■ Work instructions ■
Restate every line below word for word, but drop each picture.

START Recorded data

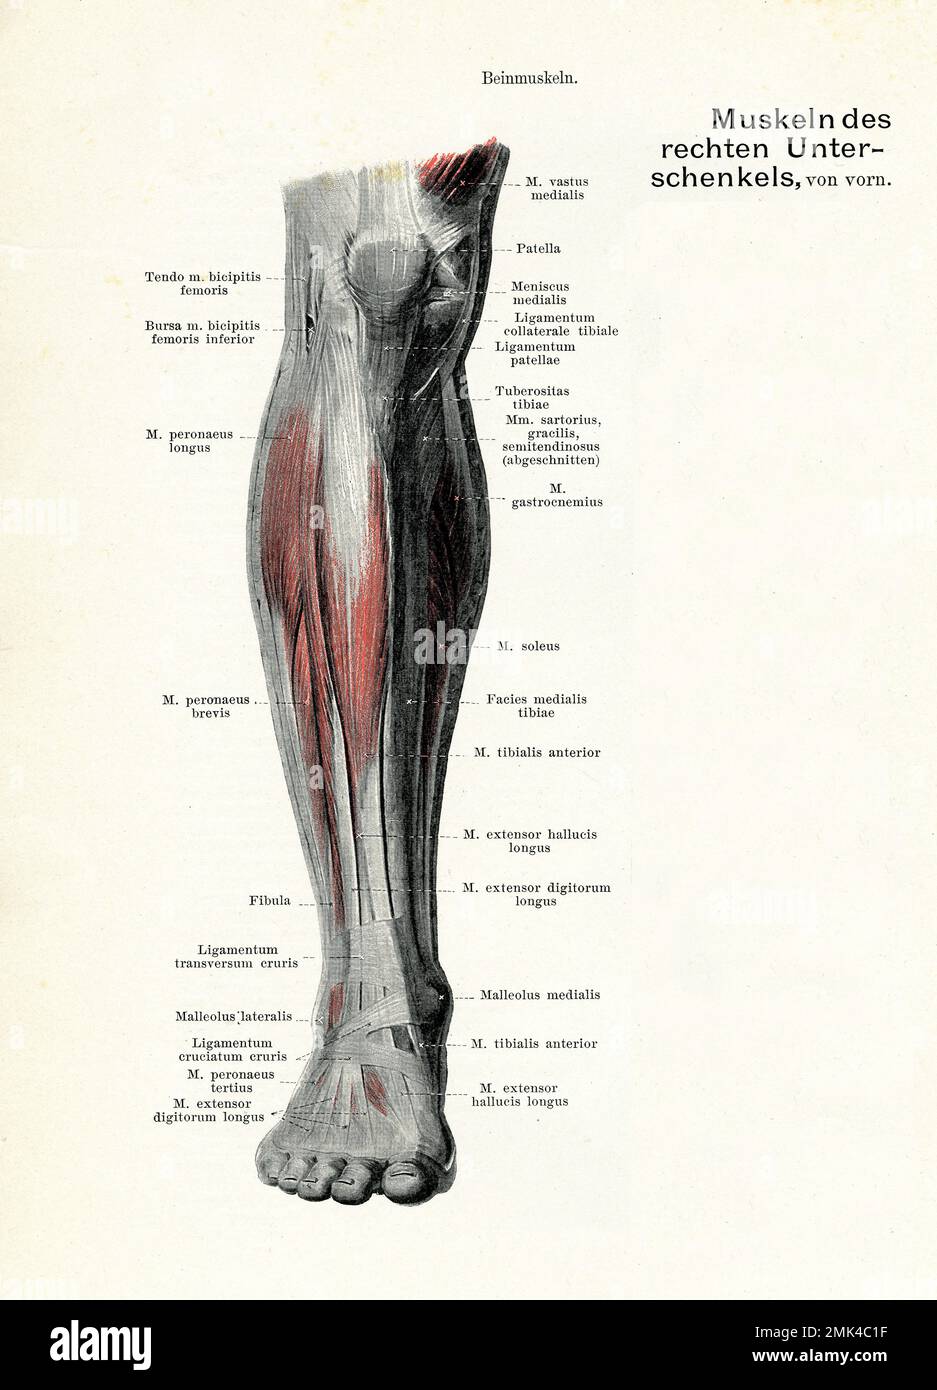 Illustration ancienne de l'anatomie musculature de la vue frontale de la jambe inférieure, avec des descriptions anatomiques allemandes Banque D'Images
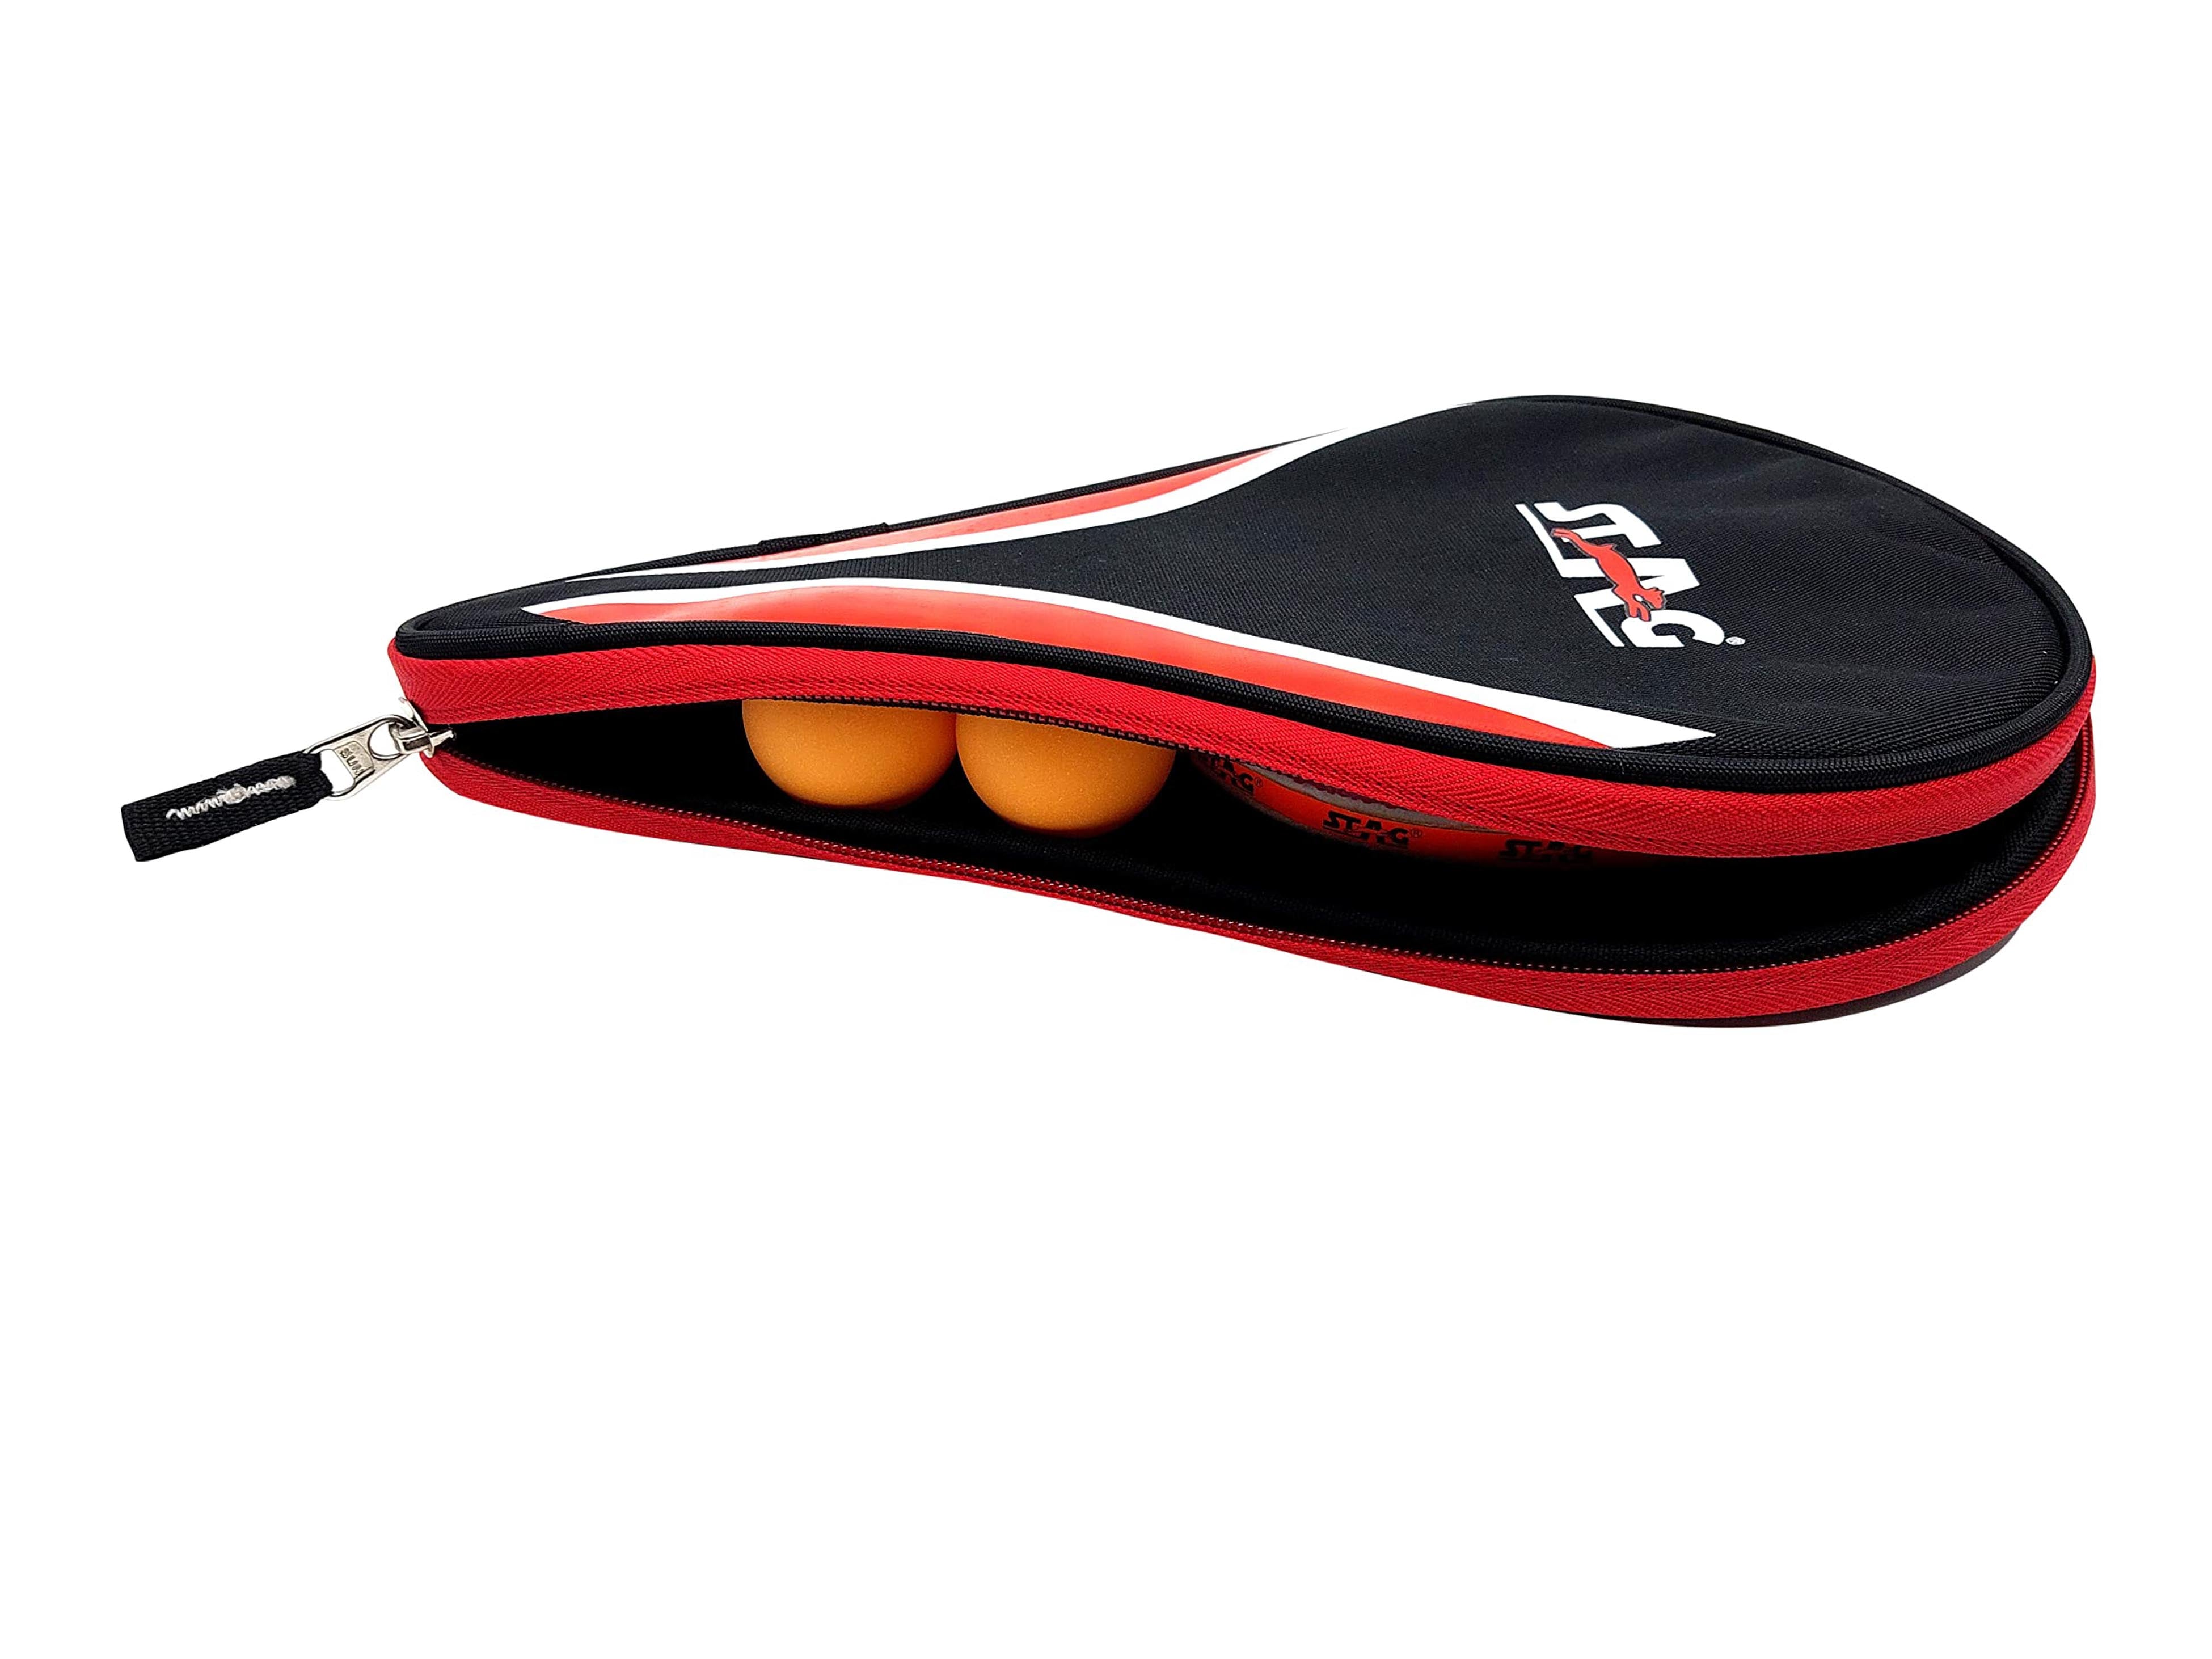 Stag Iconic Premium Table Tennis Racquet Case
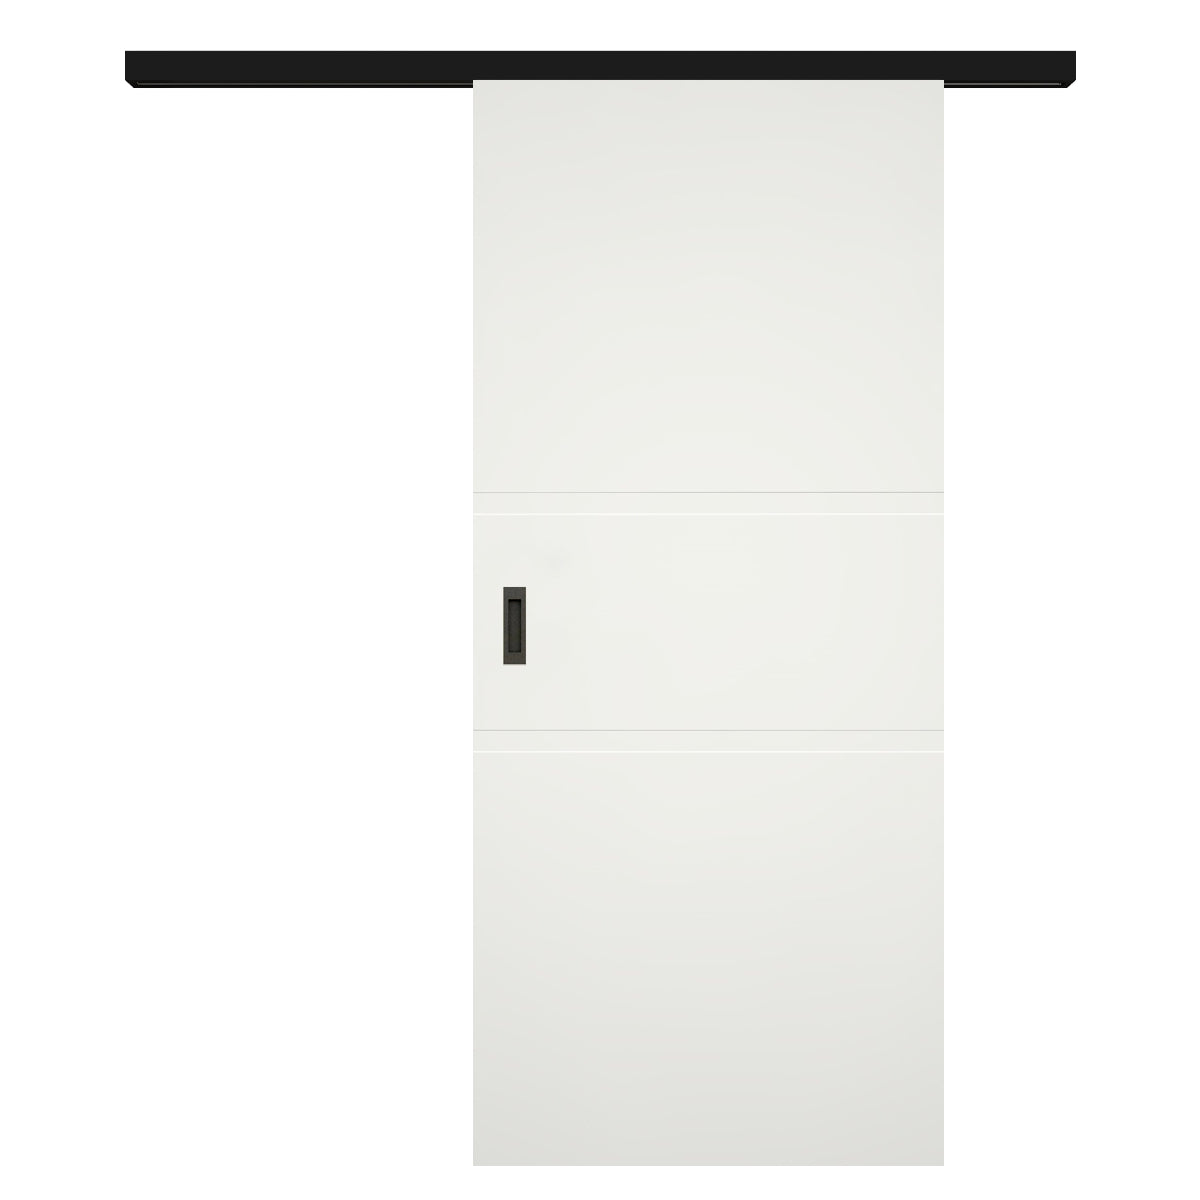 Schiebetür für Set mit schwarzem Laufkasten soft-weiß 2 breite Rillen - Modell Designtür QB21
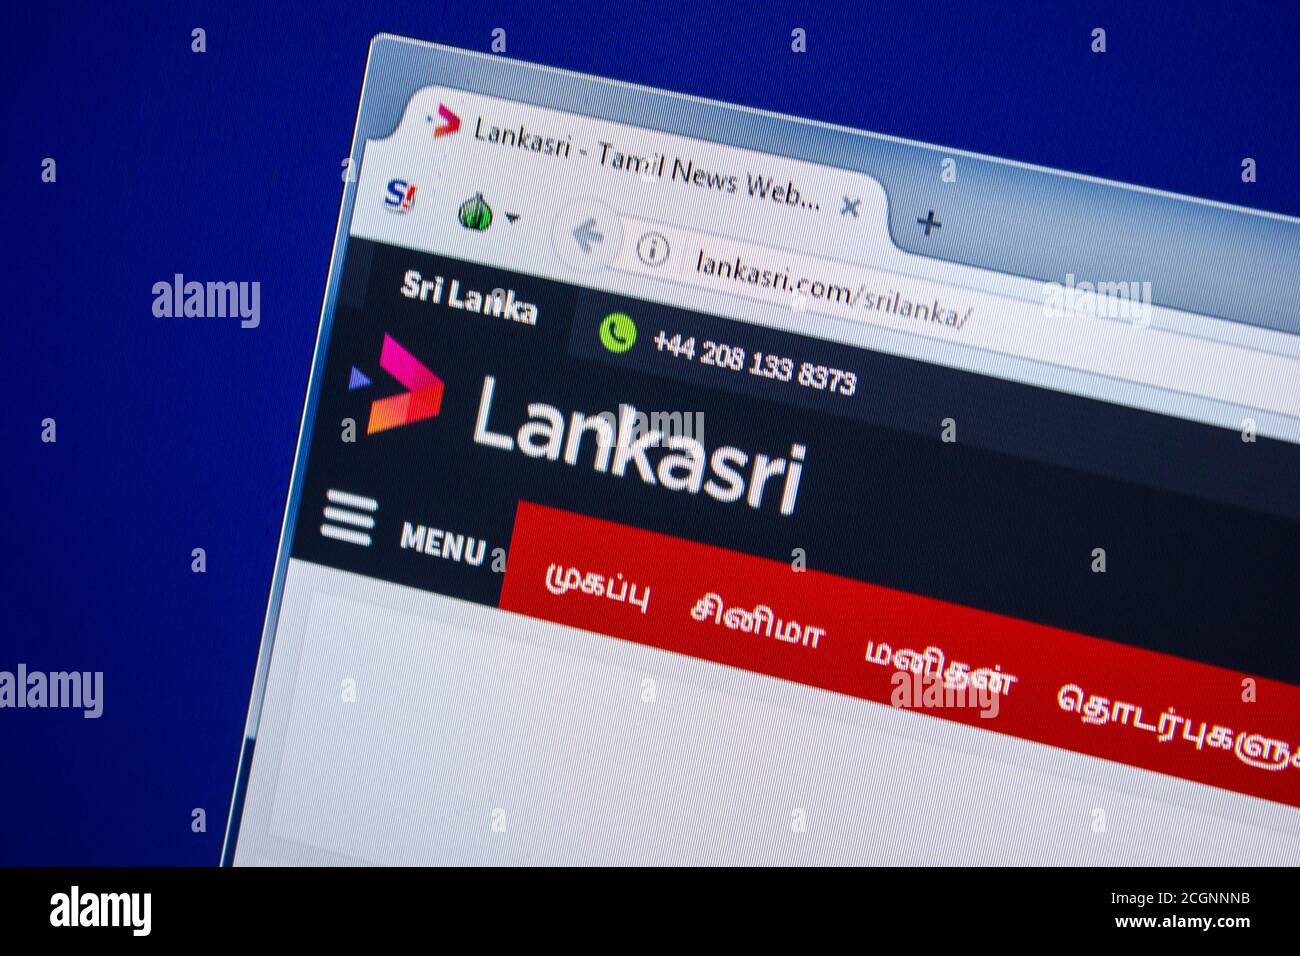 Lankasri tamil news
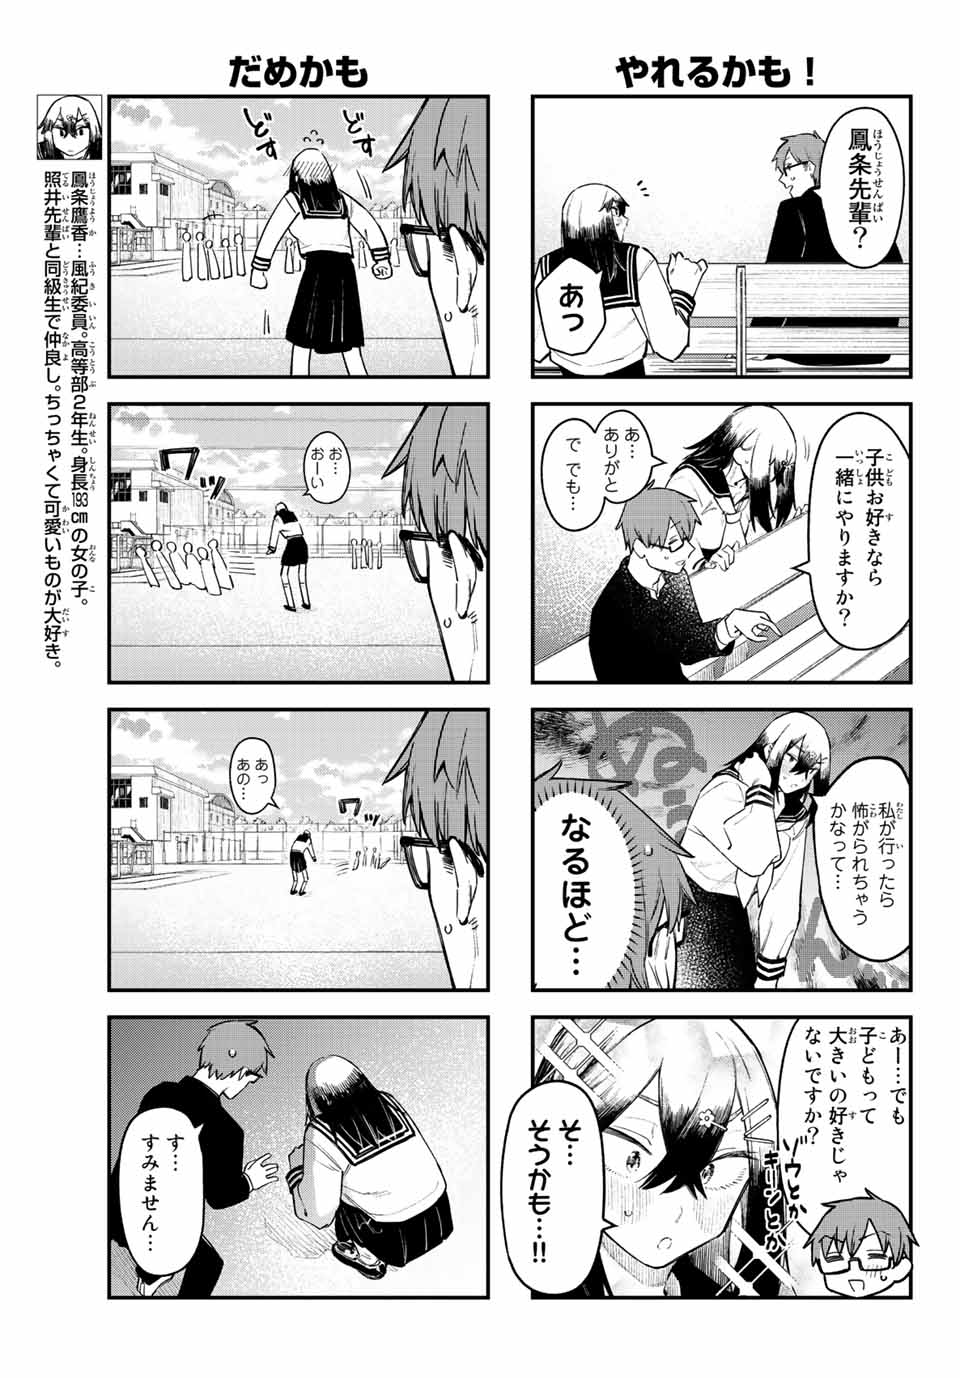 Seitokai mi mo Ana wa Aru! - Chapter 12 - Page 5

END Recorded data

■ Exercise solution ■
 Illustration ancienne de l'anatomie musculature de la vue frontale de la jambe inférieure, avec des descriptions anatomiques allemandes Banque D'Images
 Stag Iconic Premium Table Tennis Racquet Case
 Schiebetür für Set mit schwarzem Laufkasten soft-weiß 2 breite Rillen - Modell Designtür QB21
 Lankasri tamil news
 Seitokai mi mo Ana wa Aru! - Chapter 12 - Page 5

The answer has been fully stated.